This case is decided pursuant to Chapter 410 of the Texas Workers’ Compensation Act and Rules of the Division of Workers’ Compensation adopted thereunder.

ISSUE

A contested case hearing was held on June 26, 2008, to decide the following disputed issue:

  1. Whether a hardware block with fluoroscopy is reasonably required health care for the compensable injury of _______________?

PARTIES PRESENT

Claimant appeared and was represented by AG, lay representative. Carrier appeared and was represented by LP, attorney.

BACKGROUND INFORMATION

On _______________, Claimant sustained a compensable injury to his lumbar spine for which he had surgeries on October 24, 2006, and November 6, 2007. Claimant's surgeon has requested a hardware block with fluoroscopy to determine if the hardware is a source of Claimant's persistent pain. The Independent Review Organization (IRO) determined that there is no clear medical necessity for the requested procedure because there is no documentation of "tenderness over the hardware, prominent hardware, or any diagnostic studies such as a CT scan that might show abnormal bursal formation or muscle irritation over the hardware." The IRO also noted that there is no documentation of structural instability or nonunion.
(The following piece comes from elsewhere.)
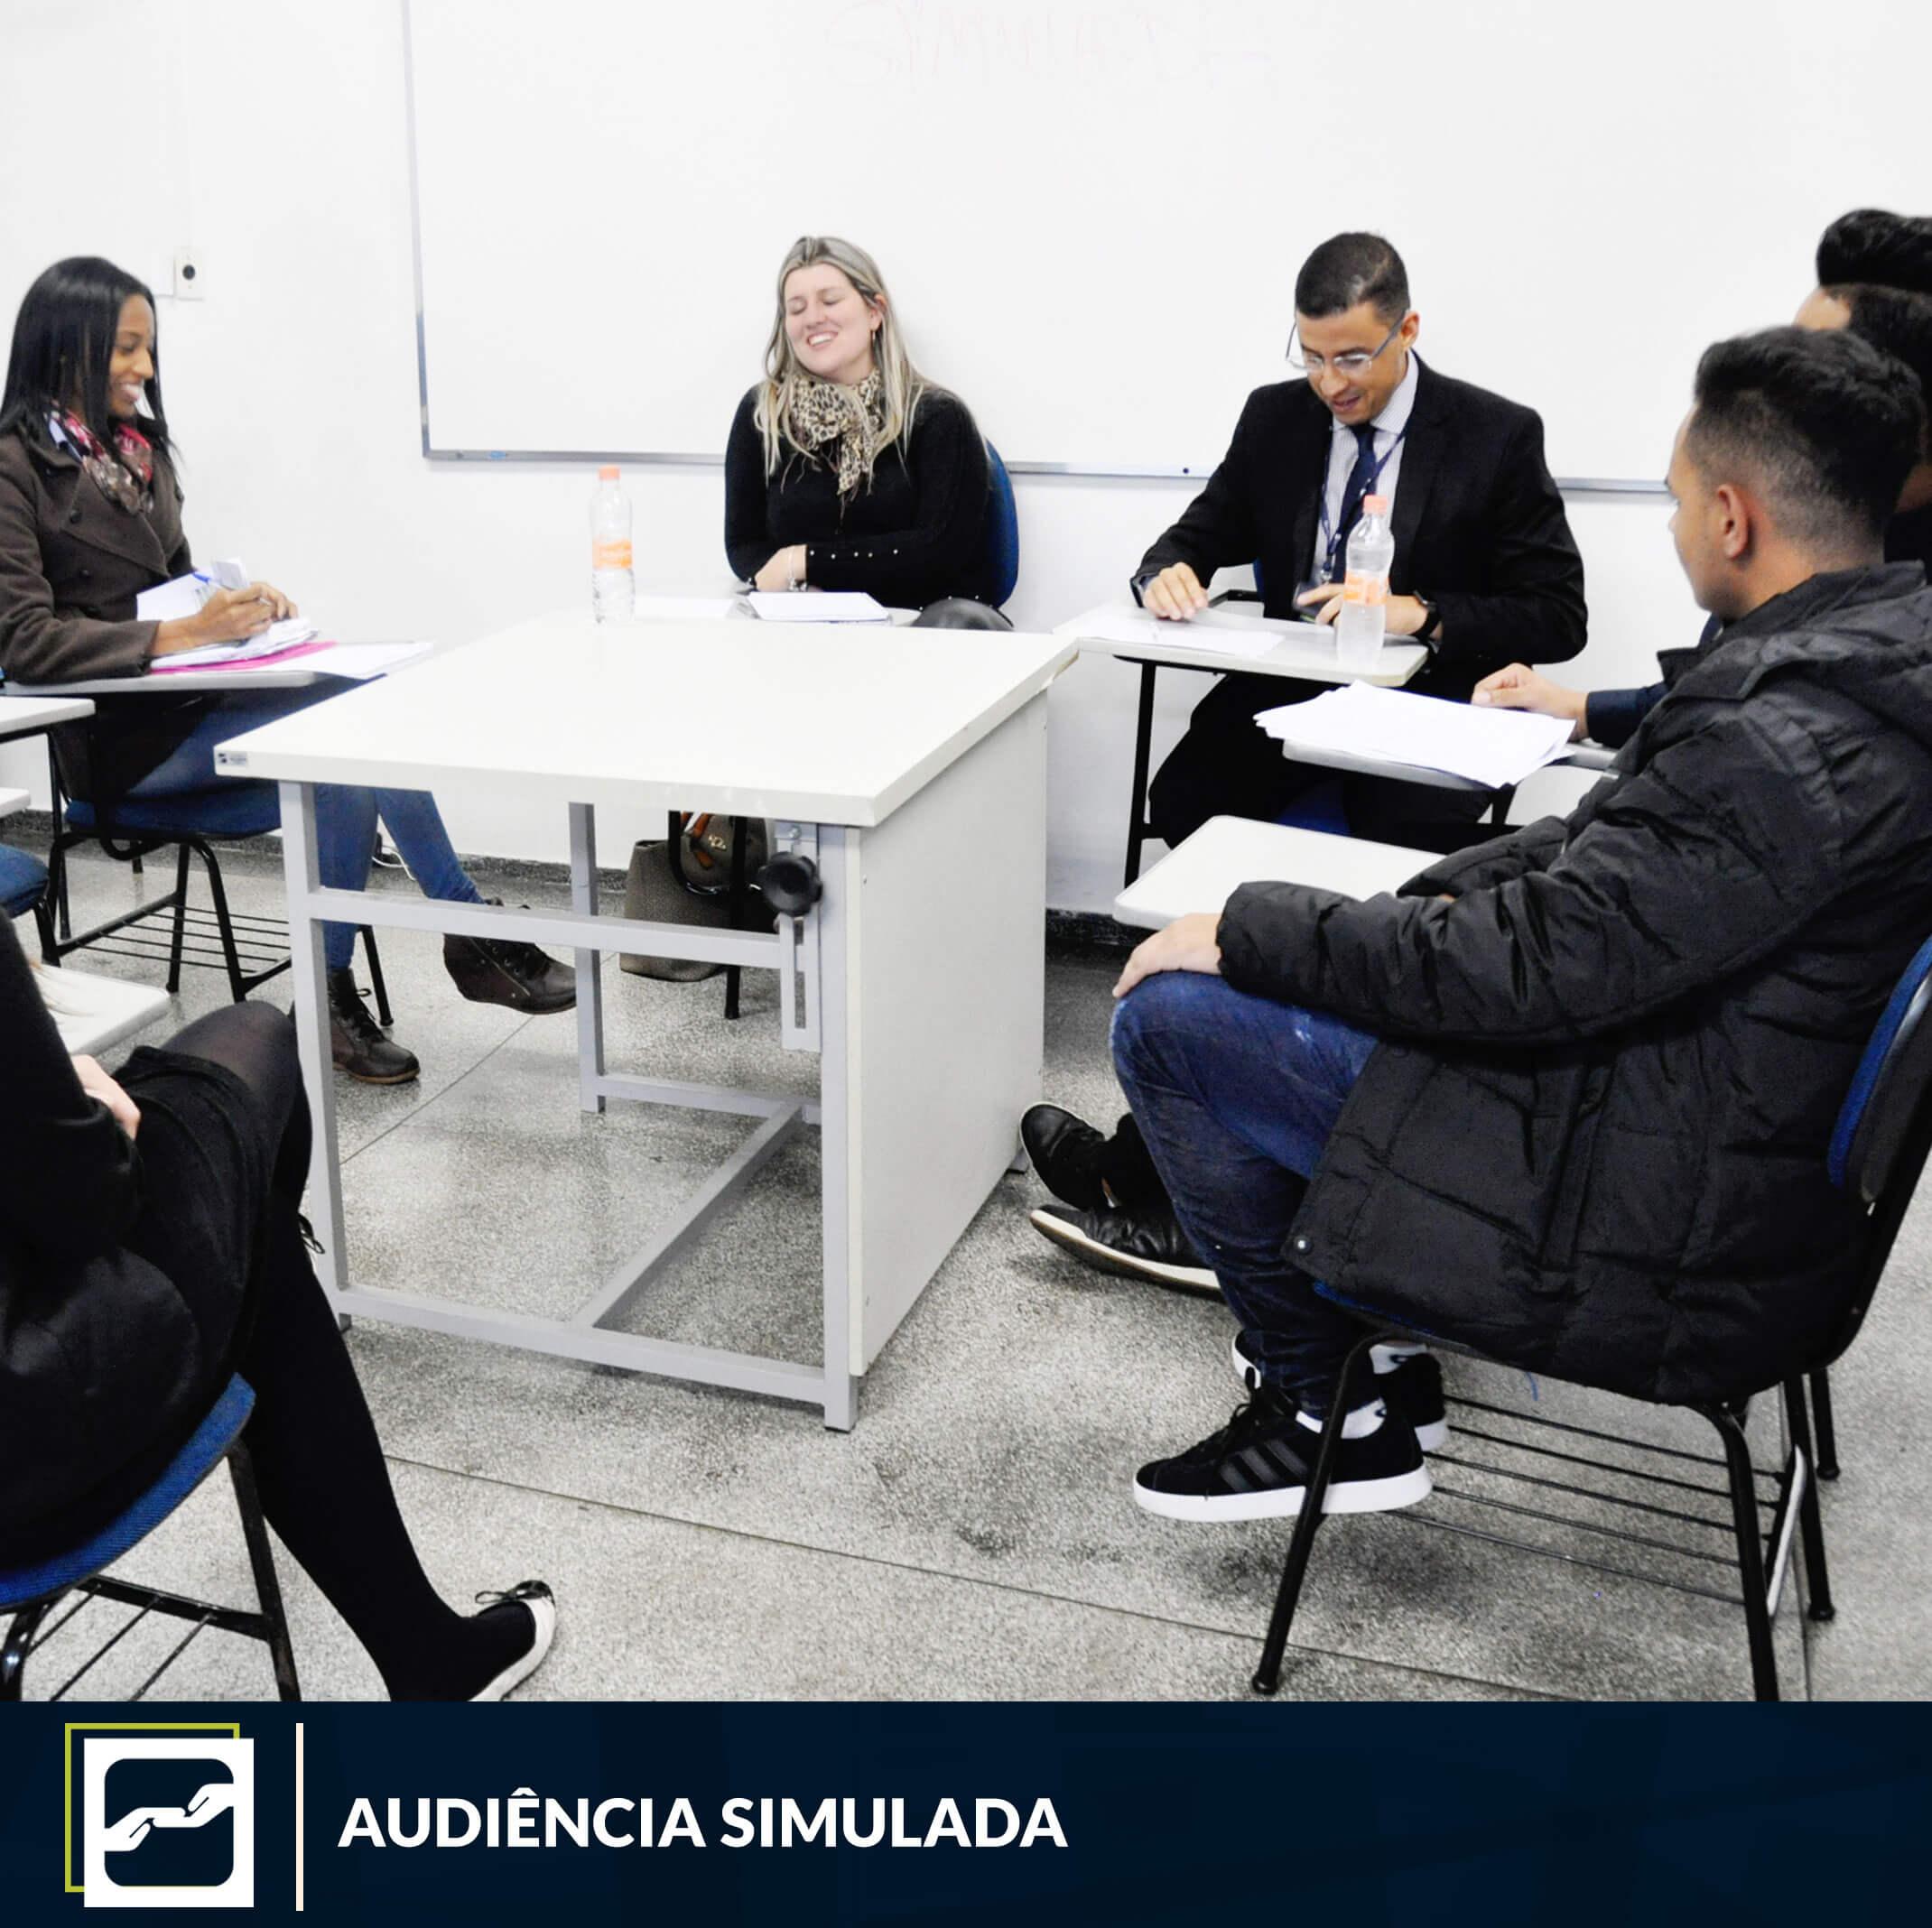 audiencia-simulada-administracao-famesp

Texas Labor Code Section 408.021 provides that an employee who sustains a compensable injury is entitled to all health care reasonably required by the nature of the injury as and when needed. Section 401.011(22-a)defines health care reasonably required as “health care that is clinically appropriate and considered effective for the injured employee’s injury and provided in accordance with best practices consistent with: (A) evidence based medicine; or (B) if that evidence is not available, generally accepted standards of medical practice recognized in the medical community.” “Evidence based medicine” is further defined, by Section 401.011(18-a)as the use of the current best quality scientific and medical evidence formulated from credible scientific studies, including peer-reviewed medical literature and other current scientifically based texts, and treatment and practice guidelines in making decisions about the care of individual patients. The Division of Workers’ Compensation has adopted treatment guidelines under Division Rule 137.100. That rule requires that health care providers provide treatment in accordance with the current edition of the Official Disability Guidelines (ODG), and treatment provided pursuant to those guidelines is presumed to be health care reasonably required as mandated by the above-referenced sections of the Texas Labor Code. The initial inquiry, therefore, in any dispute regarding medical necessity, is whether the proposed care is consistent with the ODG.

In reaching its conclusion, the IRO relied upon evidence based medicine by citing the ODG, under the Back chapter, Hardware injection (block), as follows:

Recommended only for diagnostic evaluation of failed back surgery syndrome. This injection procedure is performed on patients who have undergone a fusion with hardware to determine if continued pain is caused by the hardware. If the steroid/anesthetic medication can eliminate the pain by reducing the swelling and inflammation near the hardware, the surgeon may decide to remove the patient’s hardware. (Guyer, 2006)

Claimant failed to offer any evidence based medicine to dispute the findings of the IRO. The findings of the IRO are supported by the greater weight of the evidence.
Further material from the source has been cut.